Analyzing time complexity for change making algorithm (Brute force)

Question

I'm new to analyzing time complexities and I have a question. To compute the nth fibonacci number, the recurrence tree will look like so:

Since the tree can have a maximum height of 'n' and at every step, there are 2 branches, the overall time complexity (brute force) to compute the nth fibonacci number is O(2^n).

Now, looking at the coin make change problem. If the coin denominations are [1, 5, 10, 25] and the input number to make change for is 'C', the recurrence tree should look something like this:

In this case, the tree can have a maximum height of 'C' and the number of branches per step is 4 (The number of coin denominations we are given. Let's call this 'n'). With that being the case, shouldn't the time complexity be O(n^C). I read everywhere that the time complexity is O(C^n). Can someone please explain?

Answer 1

First, when computing the $n$-th fibonacci number $F(n)$, the number of branches (leaves) is not $2^n$, but exactly $F(n)$. But you can say it is $O(2^n)$.

As for the coin change problem it is not $O(n^C)$. $n^C$ is a polynomial, while the number of branches in the tree grows exponentially.
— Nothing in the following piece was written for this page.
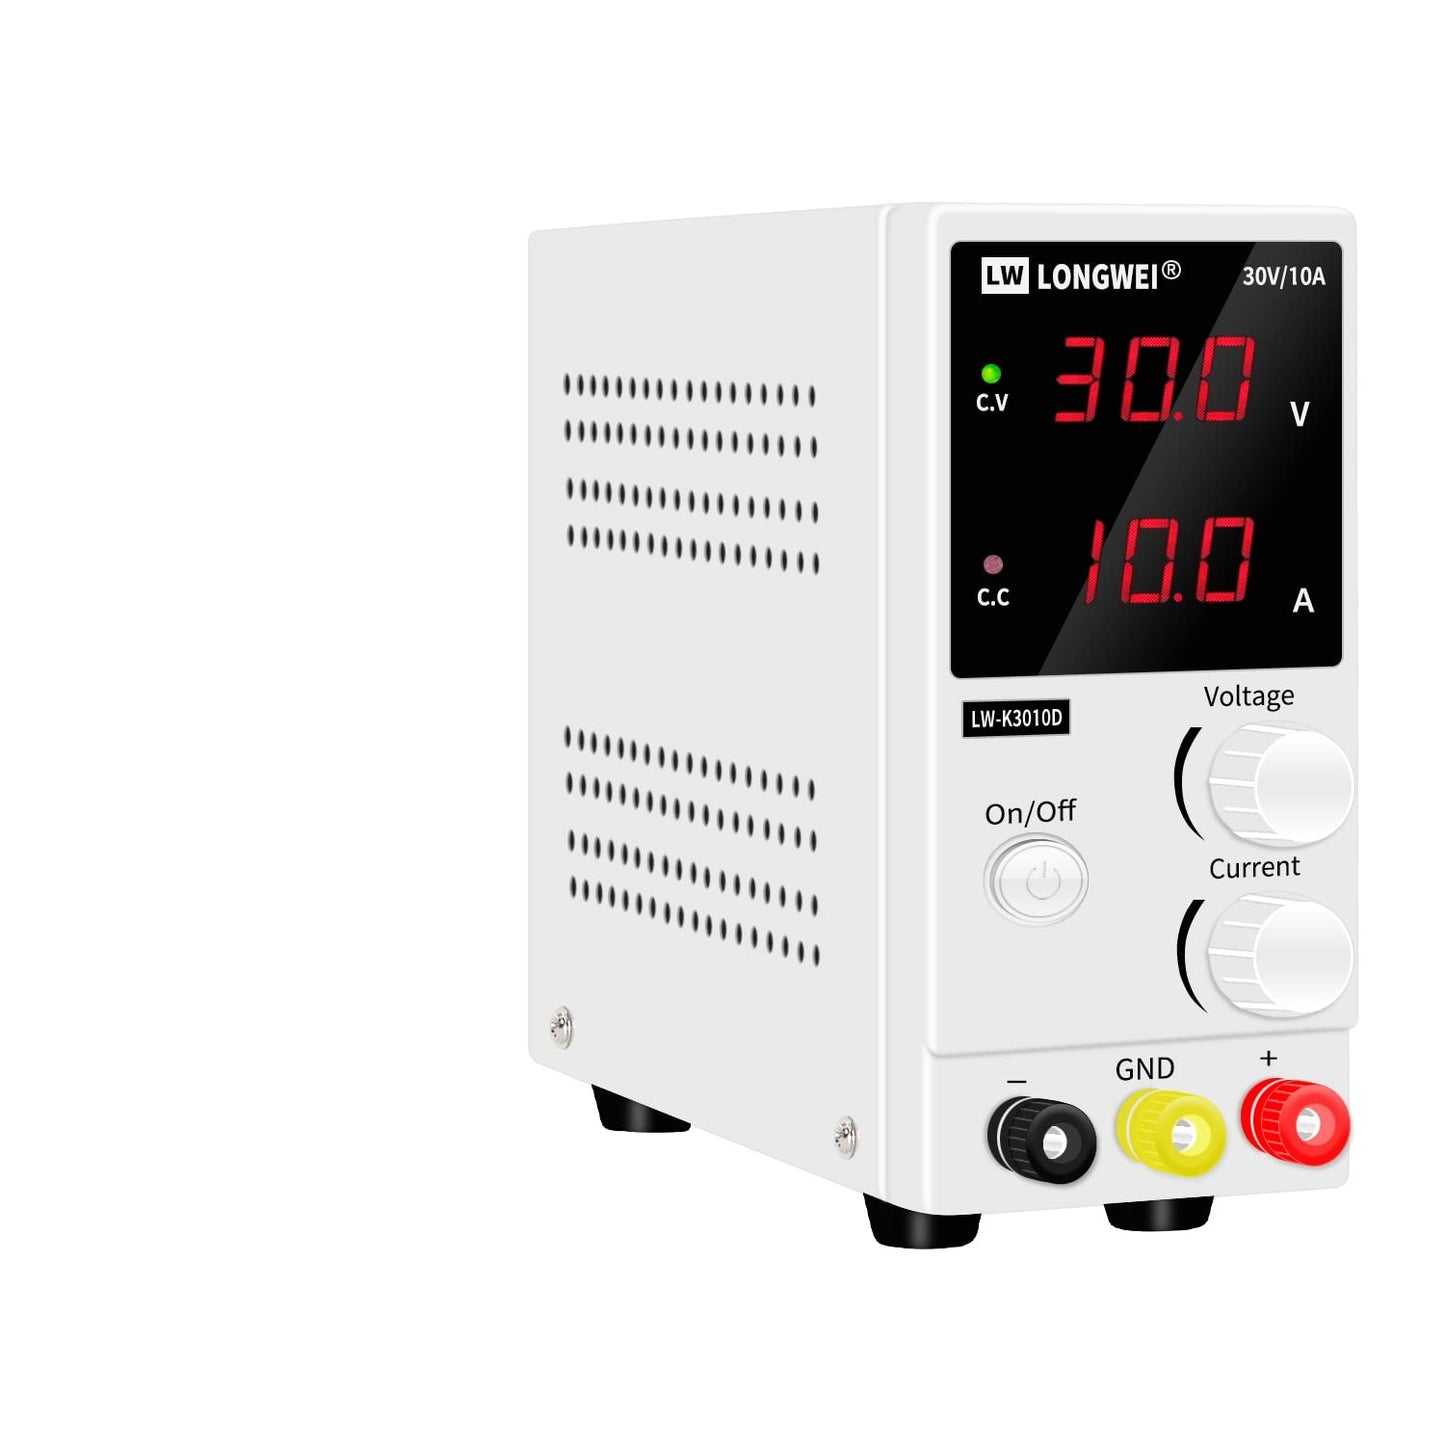 LW-K3010D Digital DC Power Supply Adjustable 30V 10A

In other words, given $n$ number of coin denominations and constant $C$, each node has no more than $C$ children, and so the number of branches/leaves is at most $C\times C\times \dots C$ ($n$ times). In fact the actual number of branches is less than $C^n$, but is definitely bounded from above by $C^n$, and so is $O(C^n)$ (recall that big-O denotes the upper bound of a function).